═════ DATASET RECORDS
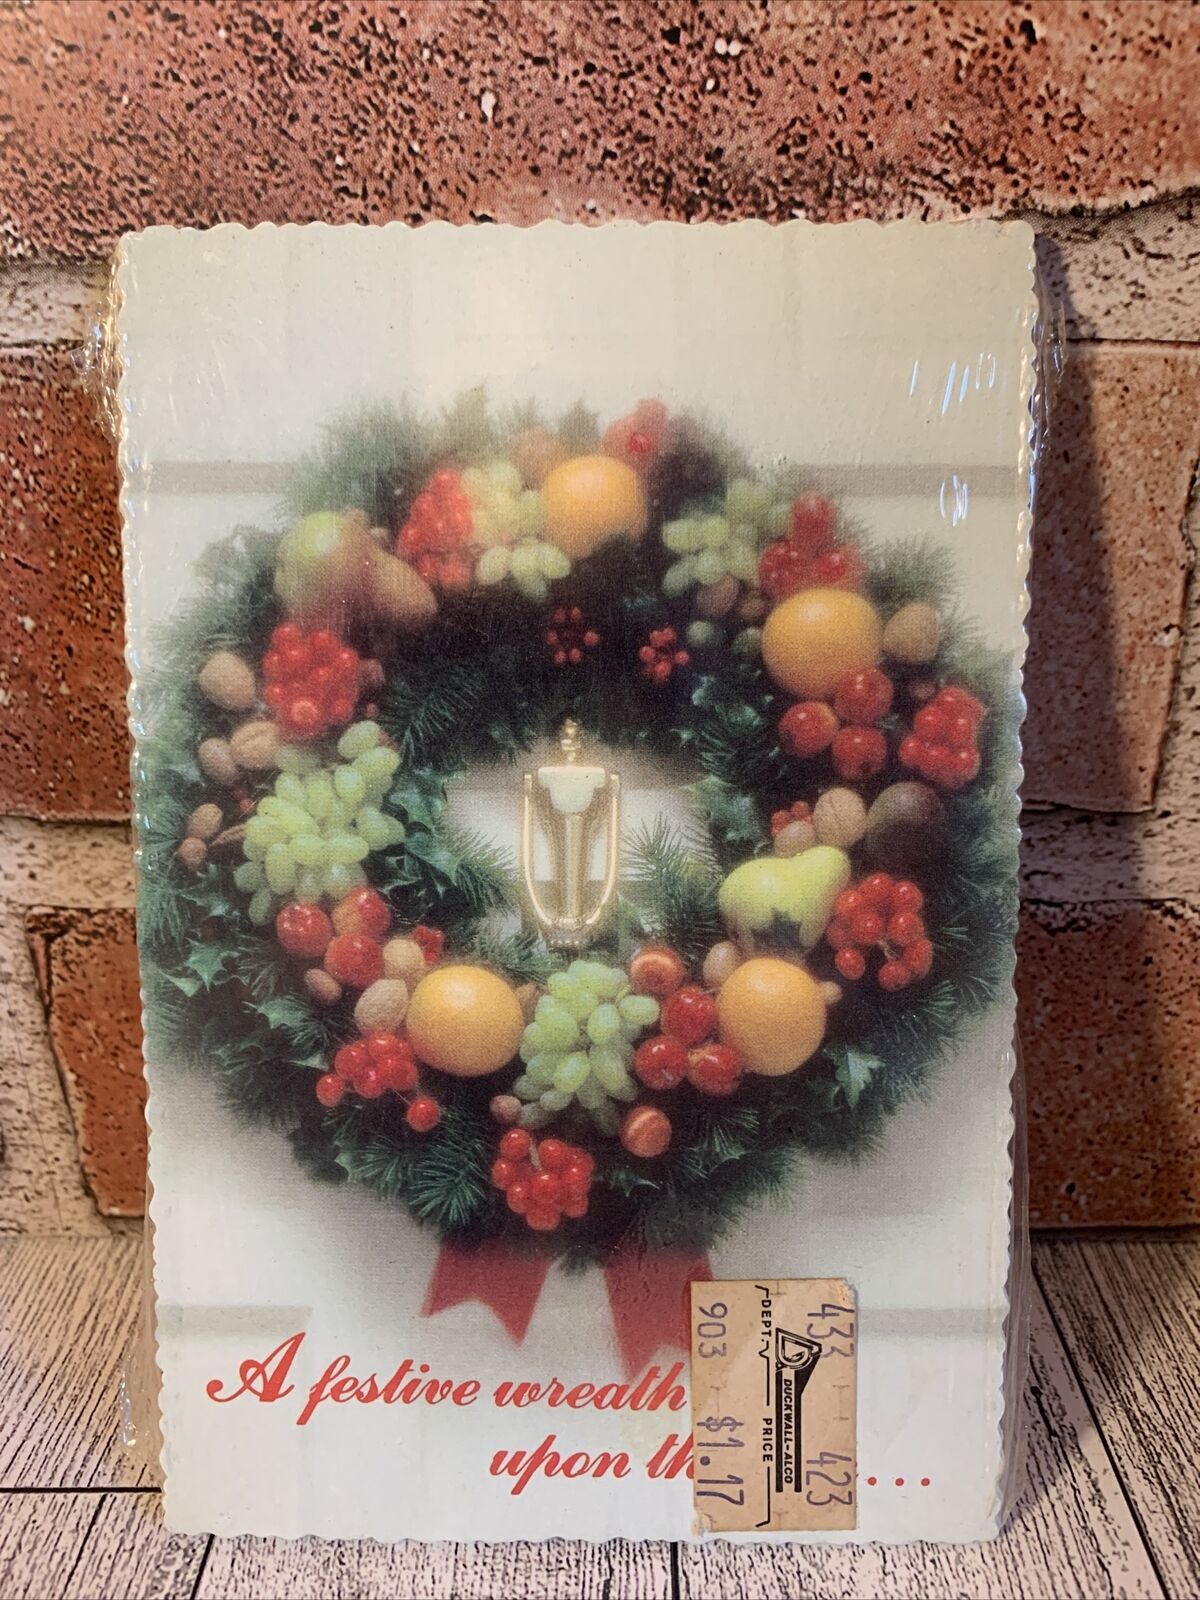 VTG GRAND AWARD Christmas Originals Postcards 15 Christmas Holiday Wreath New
══════════
═════ DATASET RECORDS
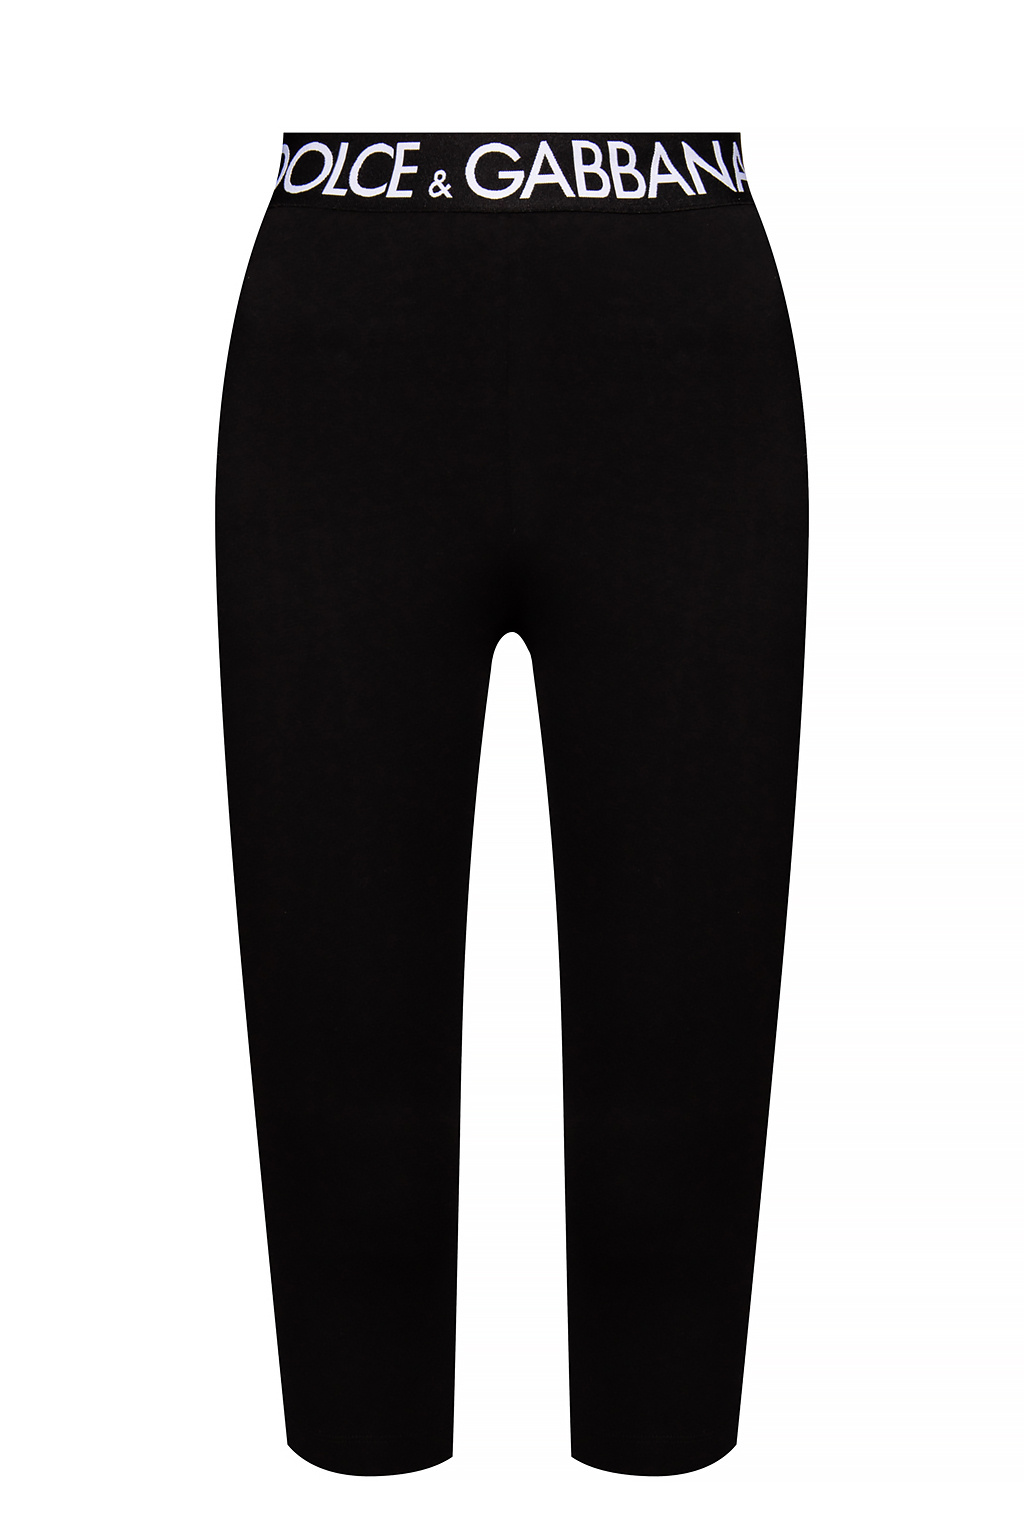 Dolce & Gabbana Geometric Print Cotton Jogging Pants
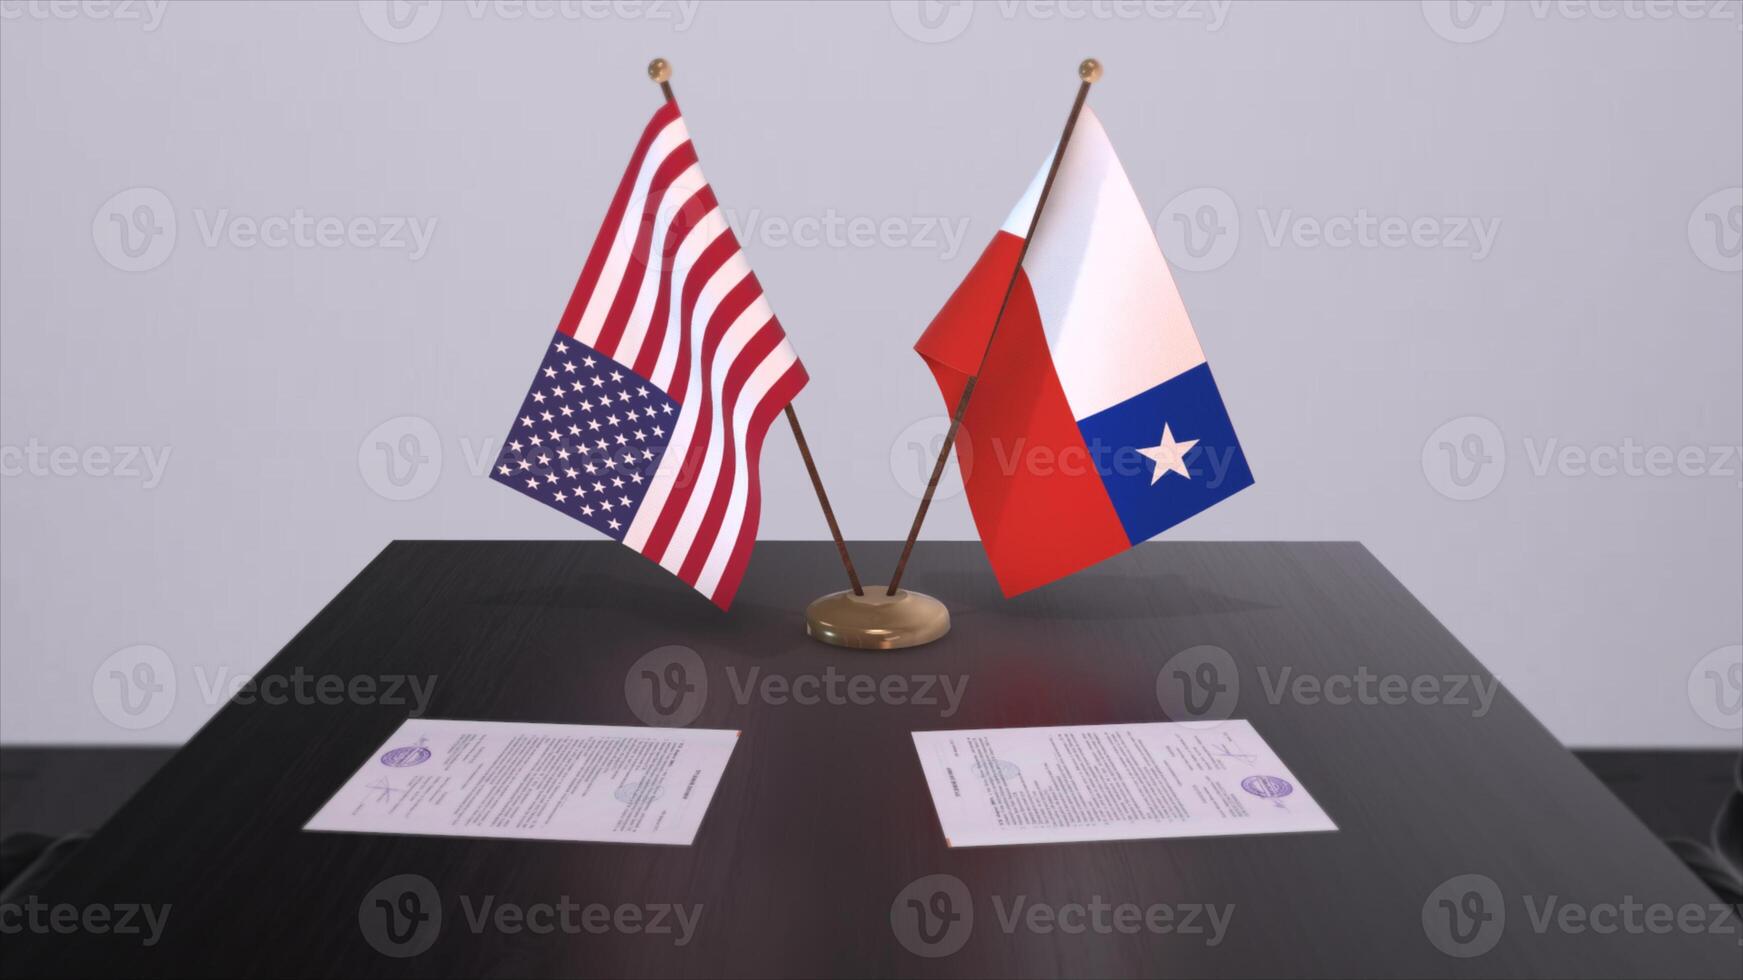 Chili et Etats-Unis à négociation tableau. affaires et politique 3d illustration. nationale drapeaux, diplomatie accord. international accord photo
══════════
═════ DATASET RECORDS
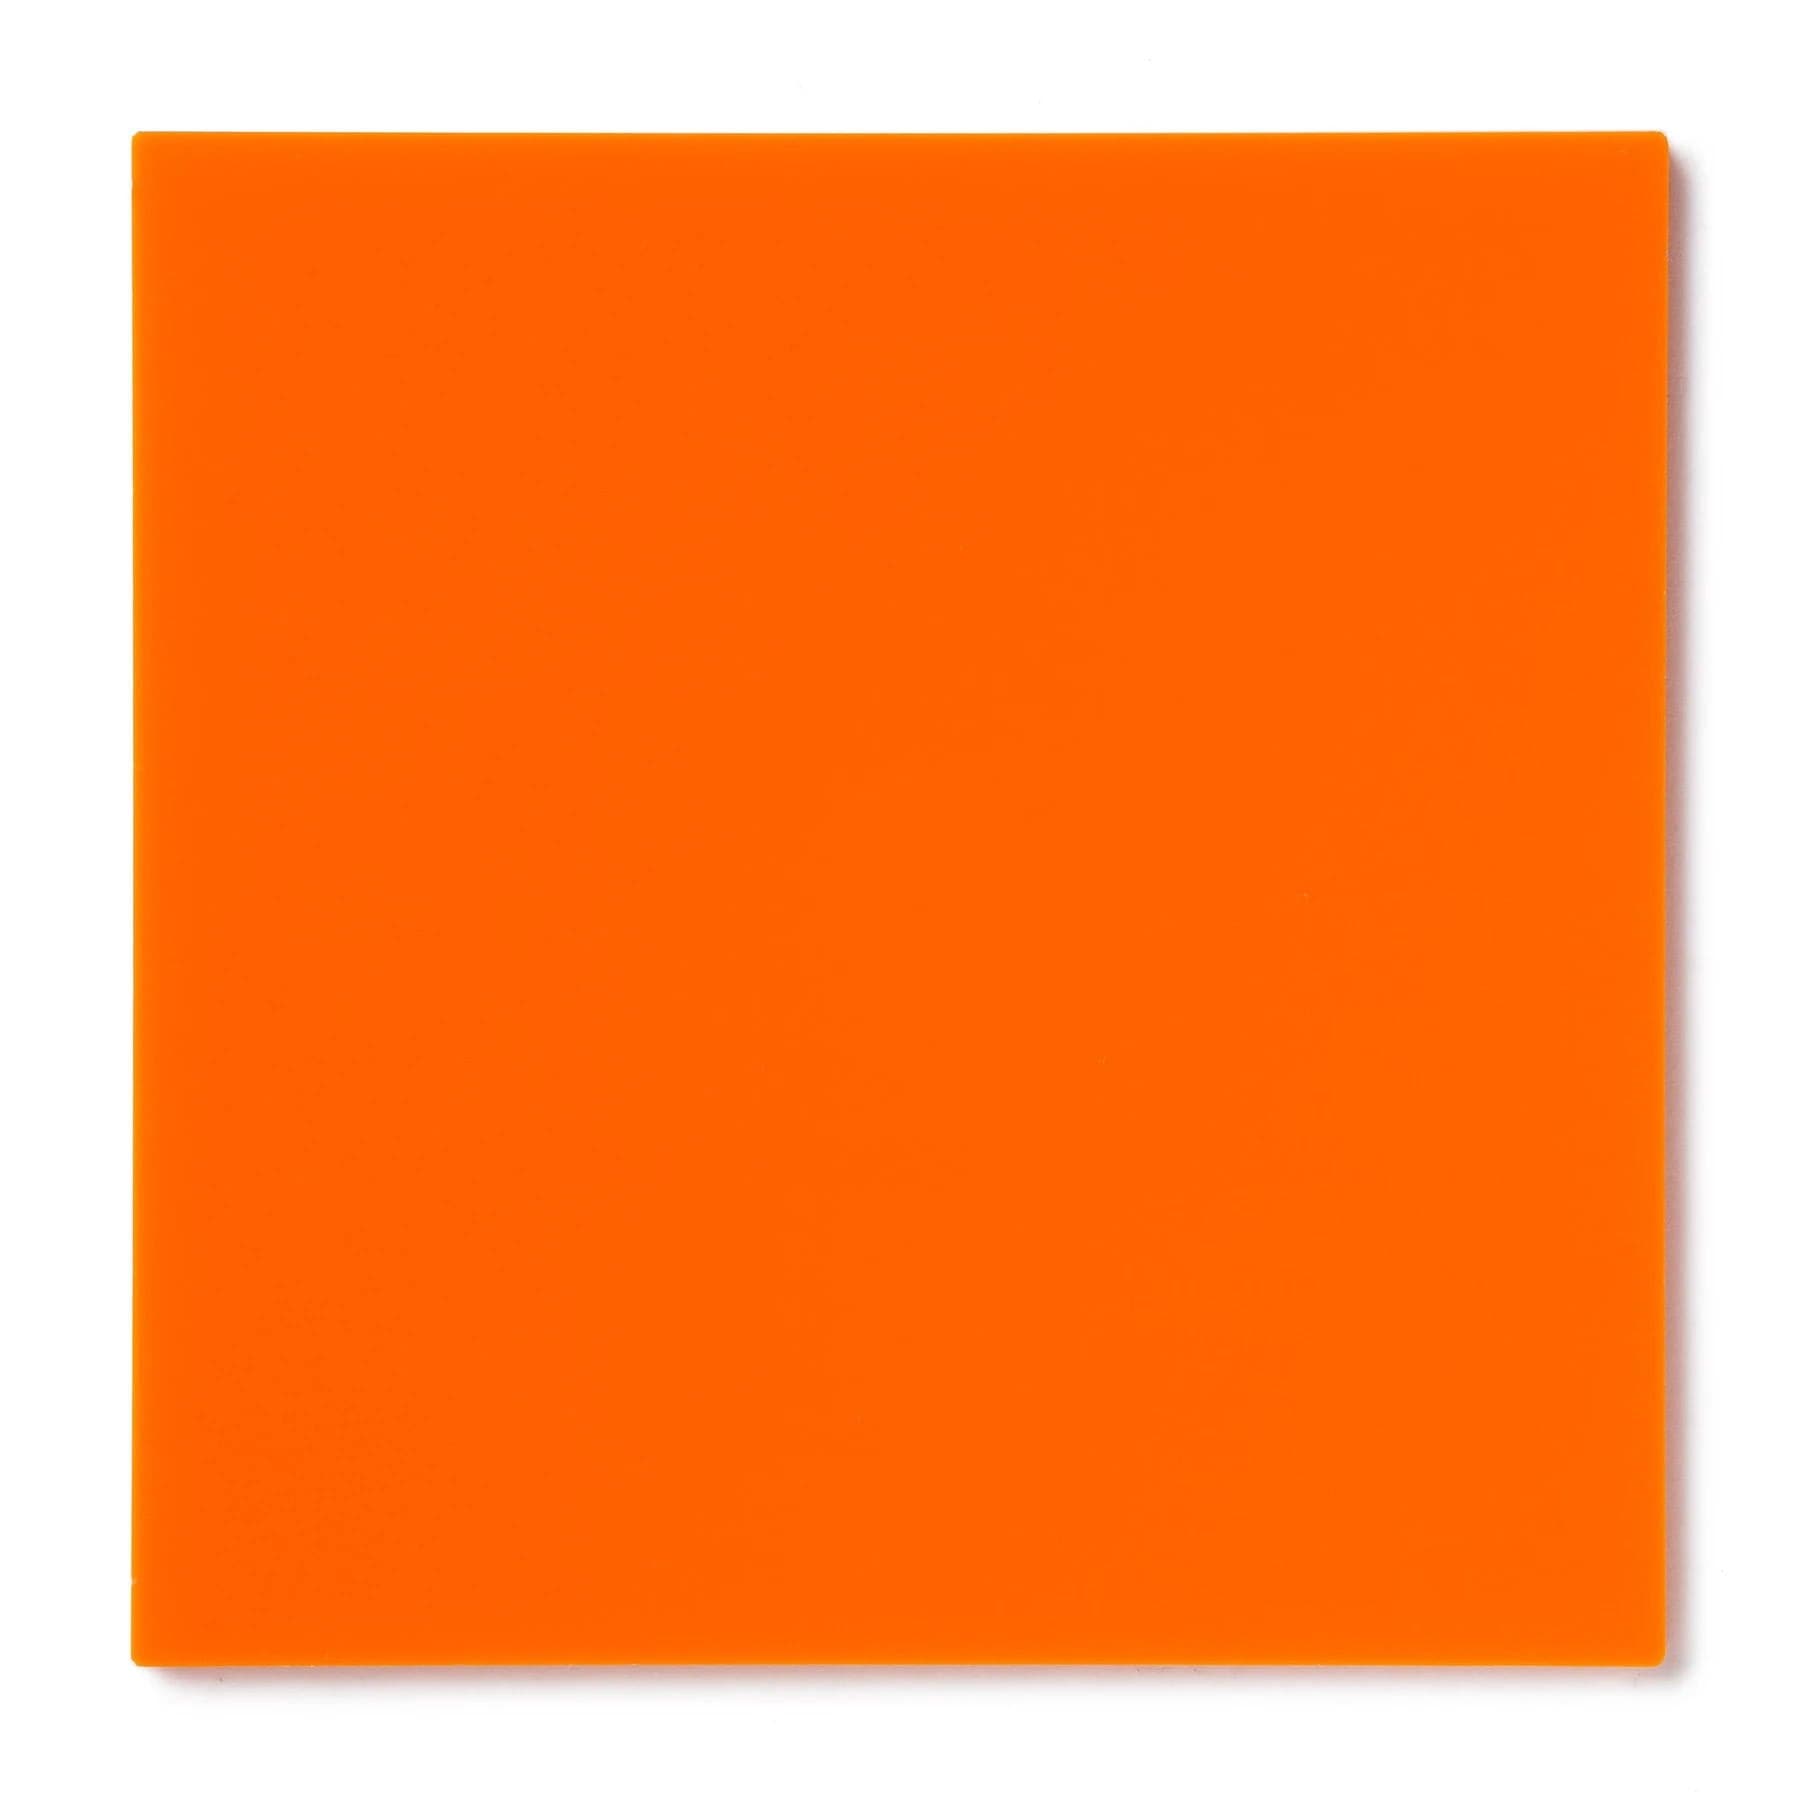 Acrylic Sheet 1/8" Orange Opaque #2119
══════════
THE TASK
Looking at the listing above, which lines run from the one containing "Dolce & Gabbana" through the one containing "Chili et Etats-Unis"? Print exactly those, ends included, pictures excluded.

PROBLEM SOLUTION
 Dolce & Gabbana Geometric Print Cotton Jogging Pants
 Chili et Etats-Unis à négociation tableau. affaires et politique 3d illustration. nationale drapeaux, diplomatie accord. international accord photo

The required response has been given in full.